Adopting the Trajectory Level Aggregation for Faster Training

Agent Lightning (AGL) Team Date: Dec. 2025

1. Introduction

In the context of Multi-turn Agent Reinforcement Learning (RL), data collection relies on rollouts where an agent interacts with an environment over multiple sequential turns. The strategy used to process these rollouts into training samples is a critical architectural decision that fundamentally impacts both training efficiency and model performance.

Currently, Agent Lightning supports two primary strategies for aggregating these interaction traces: Transition Aggregation and Trajectory Aggregation.

Transition Level Aggregation

Configuration: (Default) agentlightning.trace_aggregator.level = transition

In Transition Level Aggregation, every individual response generated during a multi-turn session is treated as a distinct, independent training sample.

  • Structure: For a single session containing N turns, this mode generates N separate training samples.
  • Masking: For any given sample, only the newly generated response (the current turn) is assigned a response_mask=1 (active loss). The entire preceding conversation history is treated as frozen context (response_mask=0).
  • Characteristics: While this approach is simple to implement and robust against tokenization errors, it results in a dataset with a high sample count where each sample duplicates the shared history prefix. This leads to significant computational redundancy (re-computing KV caches for the same history multiple times) and increased memory overhead.

Trajectory Level Aggregation

Configuration: agentlightning.trace_aggregator.level = trajectory

Trajectory Level Aggregation processes the entire multi-turn interaction session as a single, contiguous training sample.

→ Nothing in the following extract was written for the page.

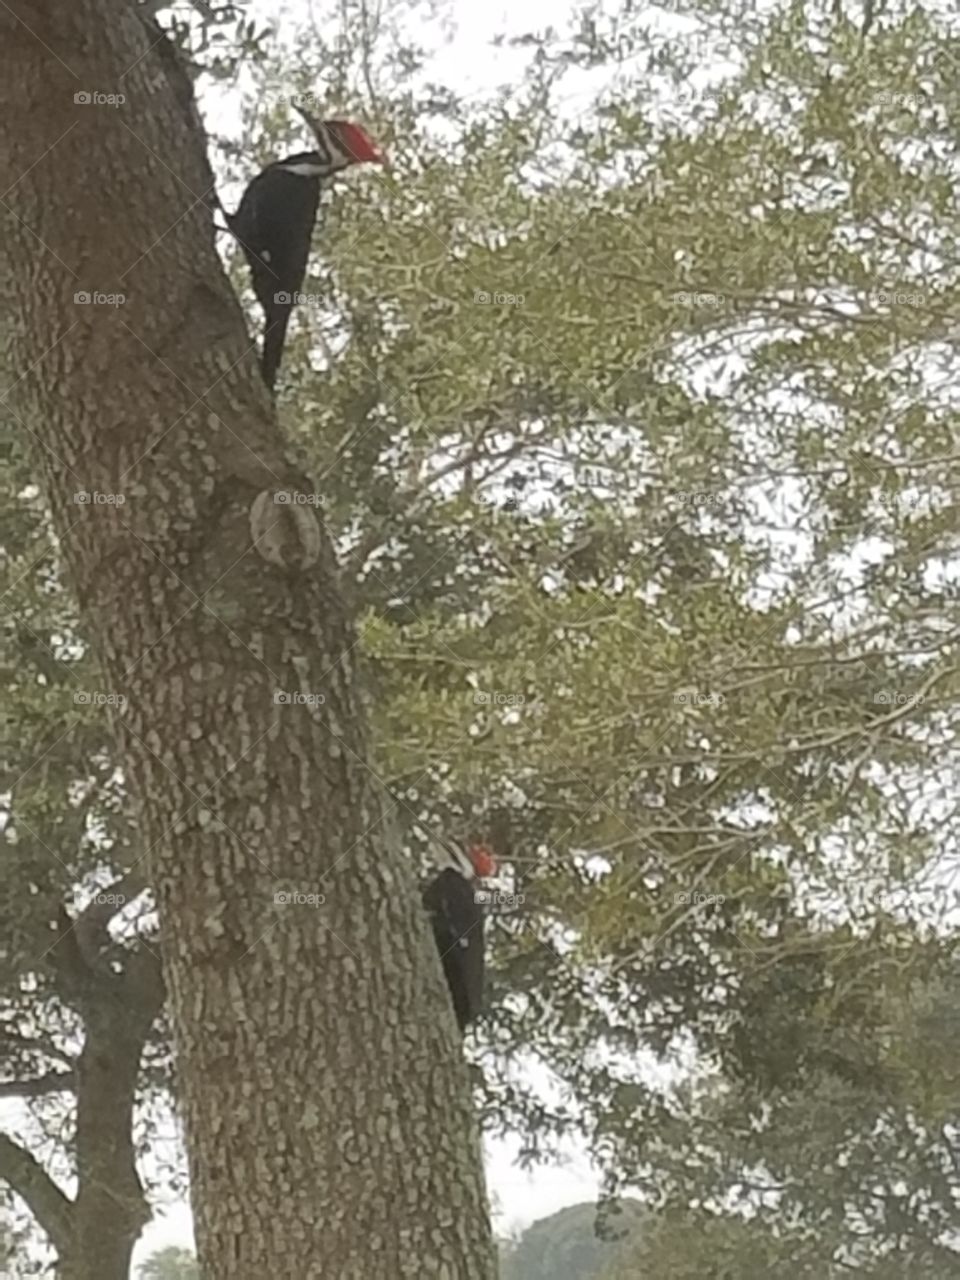 2 woodpeckers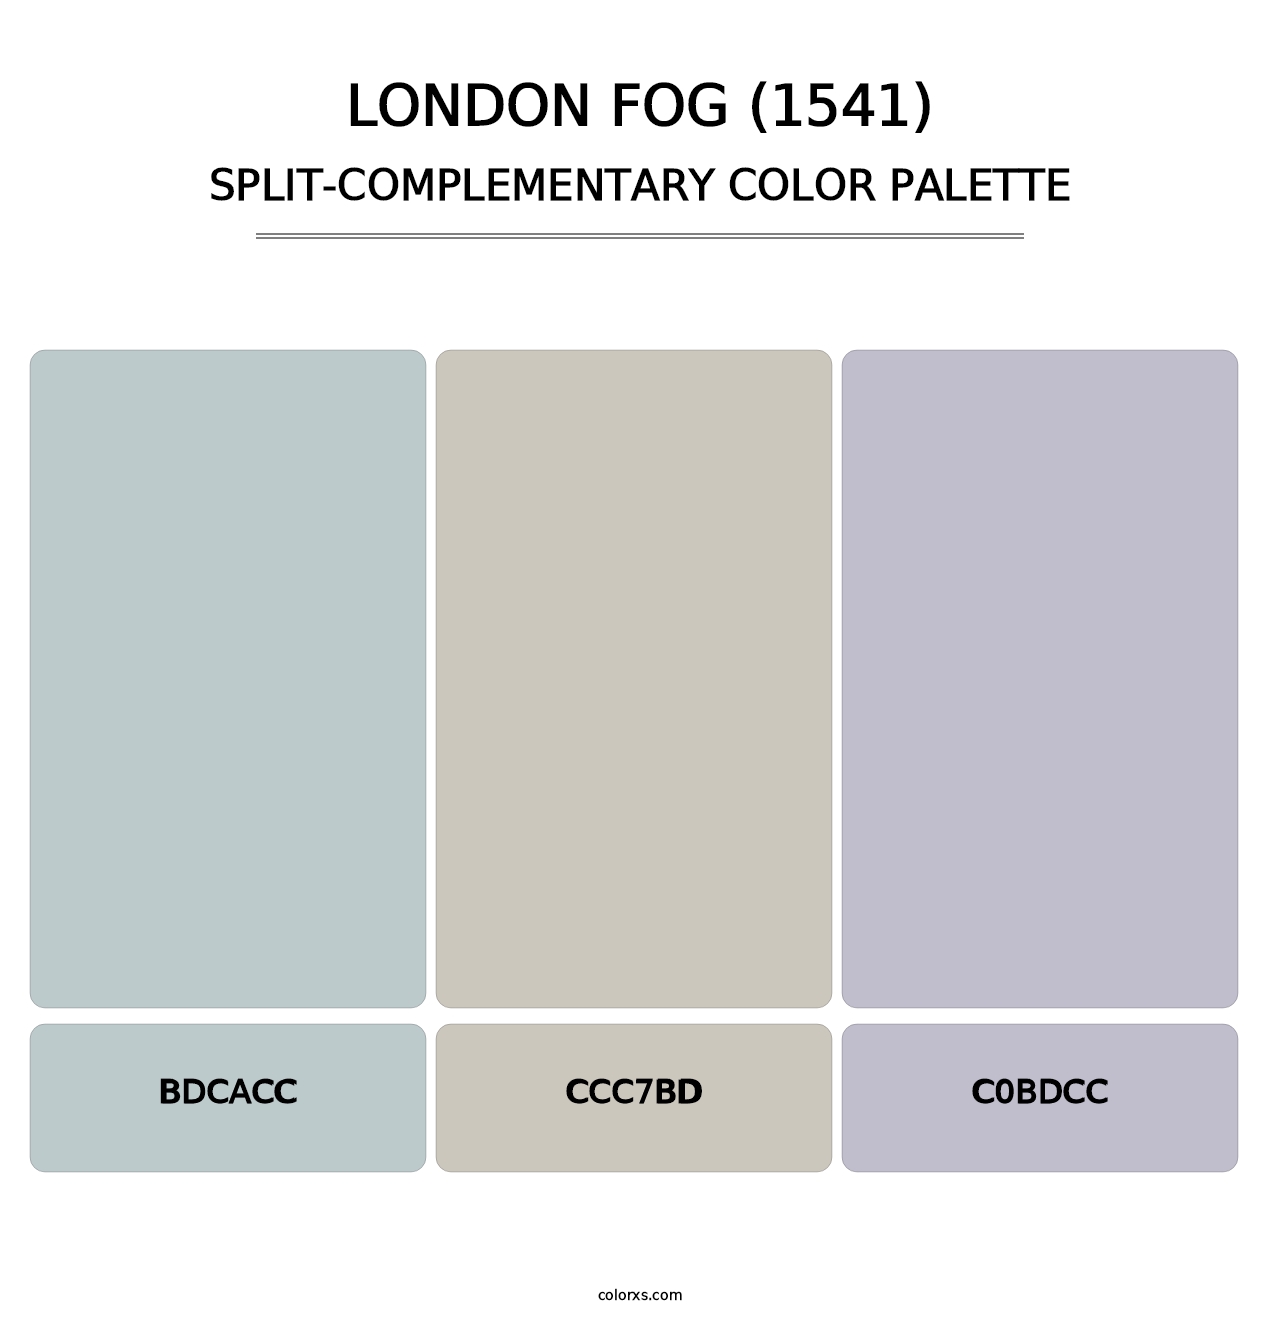 London Fog (1541) - Split-Complementary Color Palette

This is the standard approach in the broader landscape of Large Language Model (LLM) pre-training and fine-tuning.

  • Structure: A session with N turns is condensed into one long-sequence sample.
  • Masking: The sample utilizes an alternating mask pattern. User prompts and environment observations are masked (response_mask=0), while all agent responses within the sequence are active (response_mask=1).
  • Efficiency Gains: By processing the full trajectory at once, we eliminate redundant computation on history prefixes and maximize GPU utilization through longer sequence lengths. This significantly accelerates training throughput.

Scope: This implementation applies specifically to multi-turn message scenarios, where the message history from previous turns is fed into the model as context for the subsequent turn.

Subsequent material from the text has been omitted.